そこに挟まっていたのは……ワインオープナー……ワインのコルク抜きだった。
「あ? ……なんだこれは。チッ、くだらん」
ヂョーはあからさまに失望をあらわにすると、ナオトのデカい尻の肉をペシッと叩いた。「もっと笑えるもん挟んどけよカスが」
「ほんとだぜ」
「じゃあこいつは俺がいただくよ」
アフロが手を伸ばし、イマゲップナオトの尻の割れ目からムギュッとワインオープナーをむしり取った。立ち上がったアフロは早速自分のベルトをゆるめてゴソゴソと自分の尻に挟もうとした。
「……あ、無理だ、こんなの挟めねえぞ」しかしすぐにあきらめスッとズボンの裾から抜く。ワインオープナーをじっと眺め、「よくこんなの挟めるな。挟めたとしてもこの大きさじゃ自由に動けねえ」
「オラーッ!」するとこの場にひとりだけいなかったピアスヘッドが頭から七色の光線を四方八方に巻き散らしはじめていた。

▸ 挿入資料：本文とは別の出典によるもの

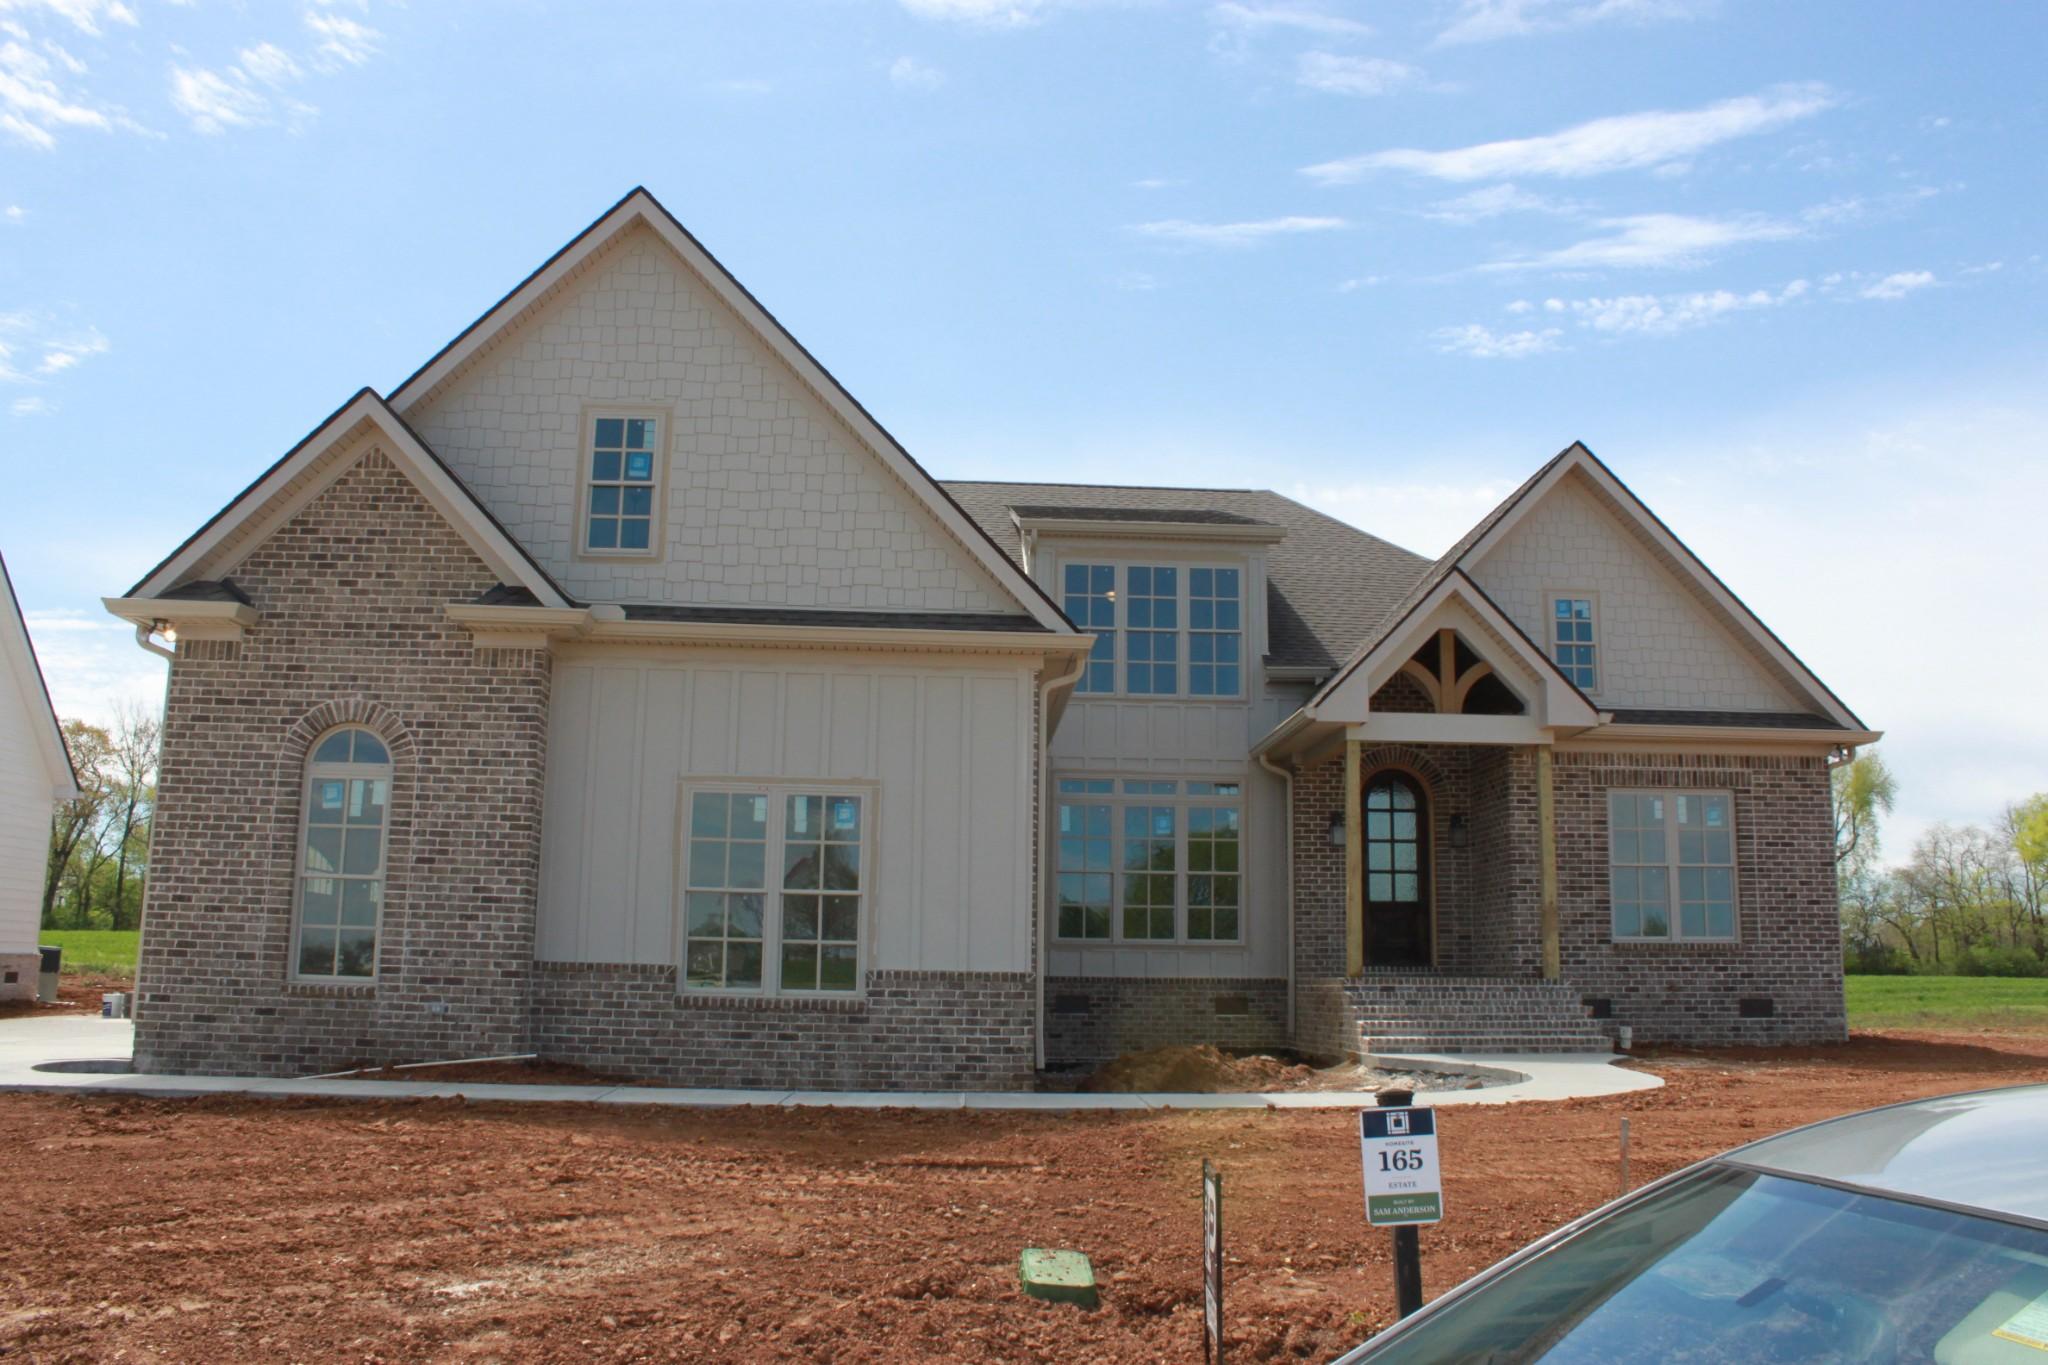 $689,900 - 4Br/5Ba -  for Sale in Shelton Square, Murfreesboro

「ギャハーッ! 俺もとうとう学園牧の能力を手に入れたぜぇ!」
どうやらシガキマサルのトンカツを自分の尻に挟んだようだった。ピアスヘッドの頭を覆う色とりどりのピアスが太陽光線を吸収し、それらのひとつひとつが放射状に何本もつる○○ハゲ丸光線を発射していた。さながらミラーボールがビーム砲を何筋も照射しているイメージだった。
はしゃぐのあまりピアスヘッドがあたりかまわず○○ピカハゲ丸光線をまき散らすものだから、敵どころか味方の動物たちや人間にも被害者が出た。
「やめろこらおいっ!」ヂョーたちもあたふたと光線から逃げつつピアスを怒鳴りつけるのだが、躁状態のピアスは聞く耳を持たない。周辺の群衆がドーッと逃げまどいはじめた。